[Start of section]

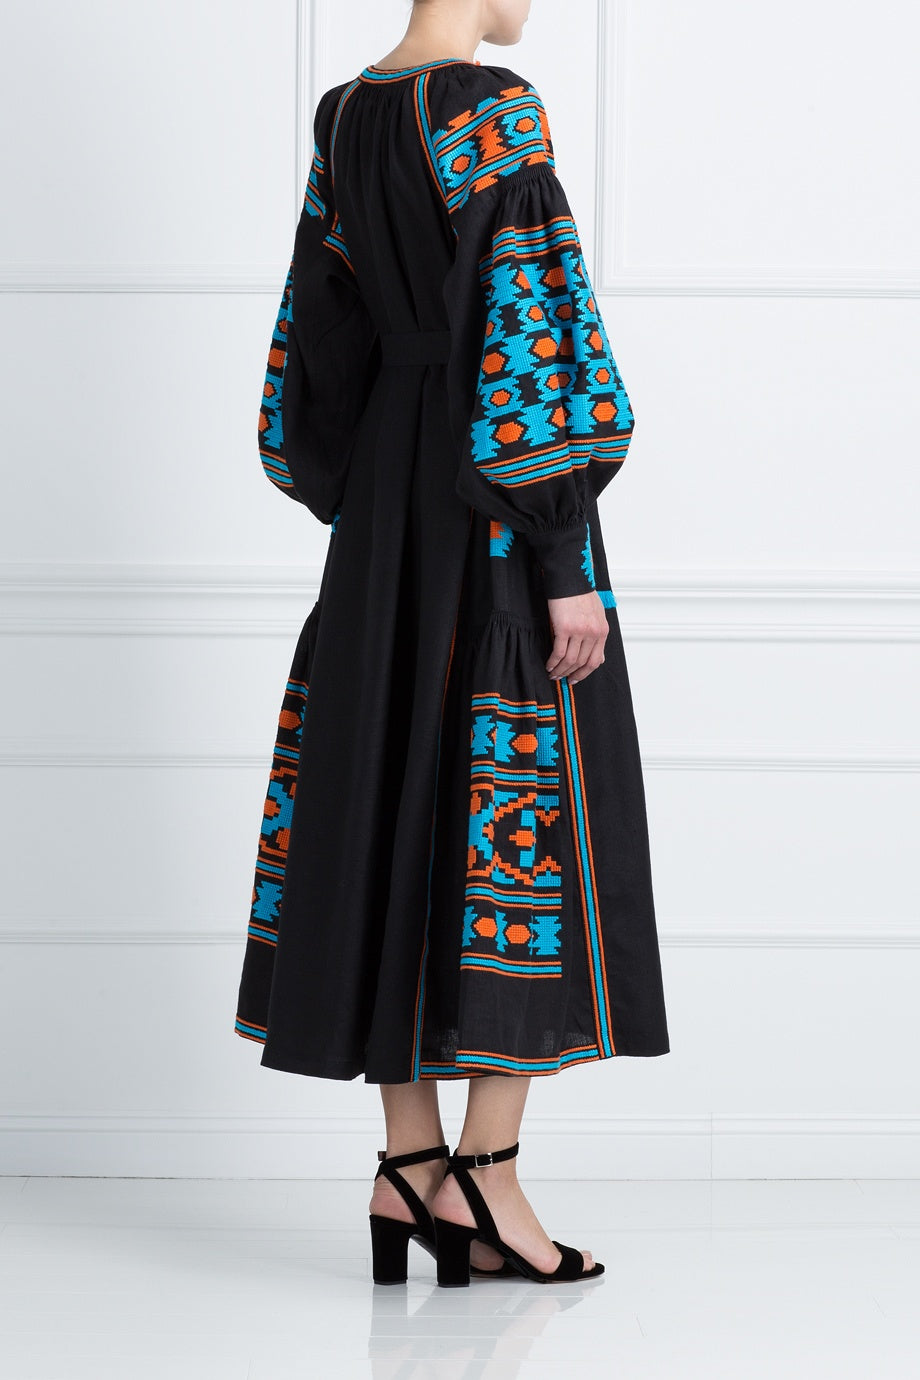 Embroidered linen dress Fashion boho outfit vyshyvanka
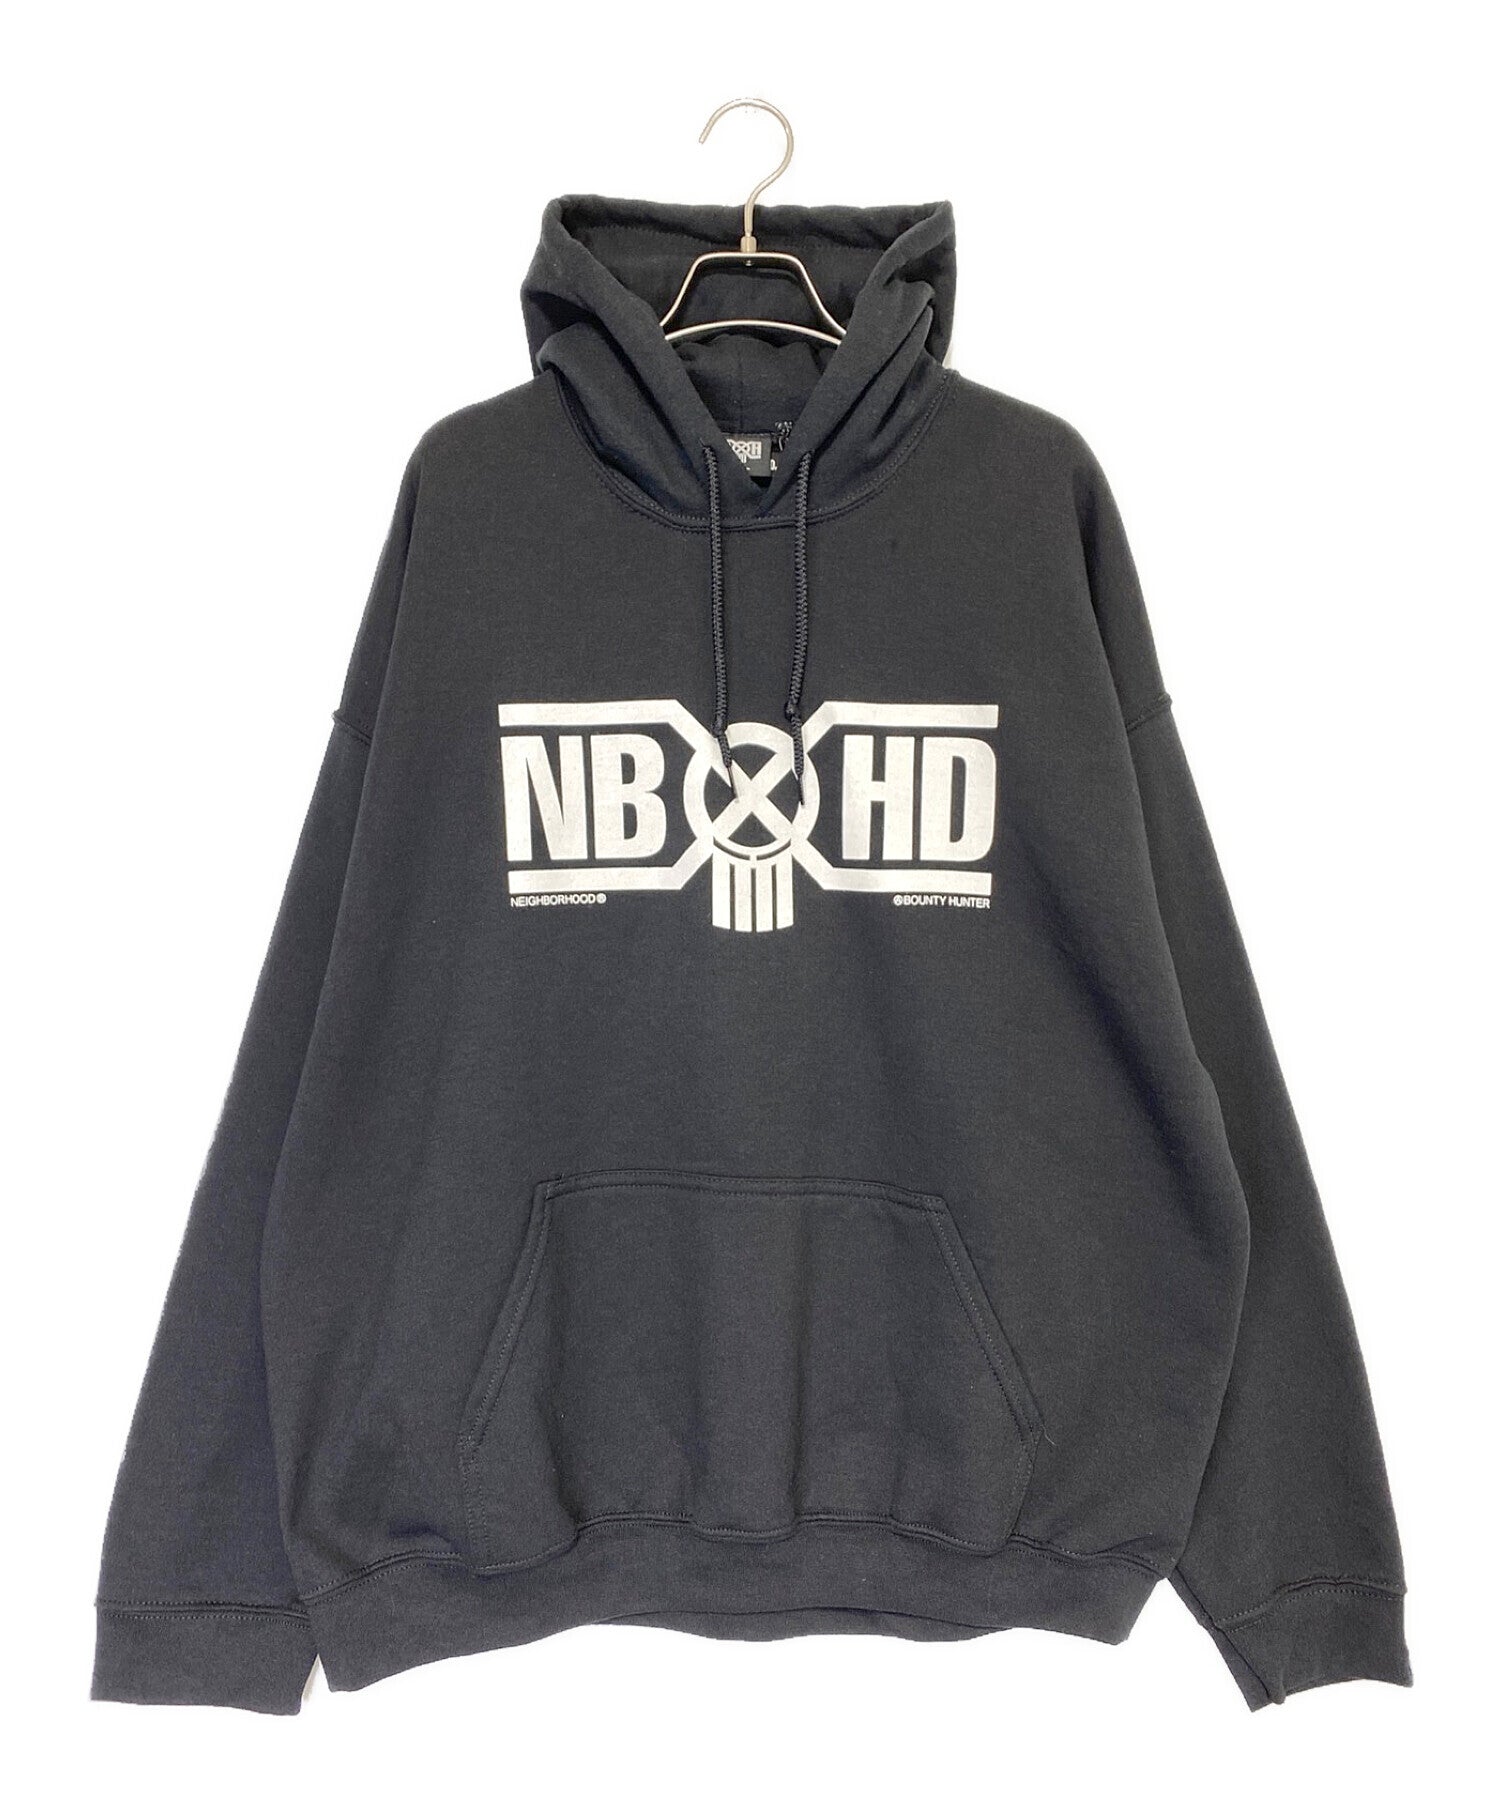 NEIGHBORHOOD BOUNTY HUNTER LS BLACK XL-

[End of section]
[Start of section]

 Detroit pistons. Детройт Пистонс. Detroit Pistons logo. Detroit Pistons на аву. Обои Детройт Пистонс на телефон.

[End of section]

# Exercise prompt:
Taking the material above, give again exactly the lines from the one holding "Embroidered linen dress" through the one holding "NEIGHBORHOOD BOUNTY HUNTER", with both ends and without pictures.

# Your response:
 Embroidered linen dress Fashion boho outfit vyshyvanka
 NEIGHBORHOOD BOUNTY HUNTER LS BLACK XL-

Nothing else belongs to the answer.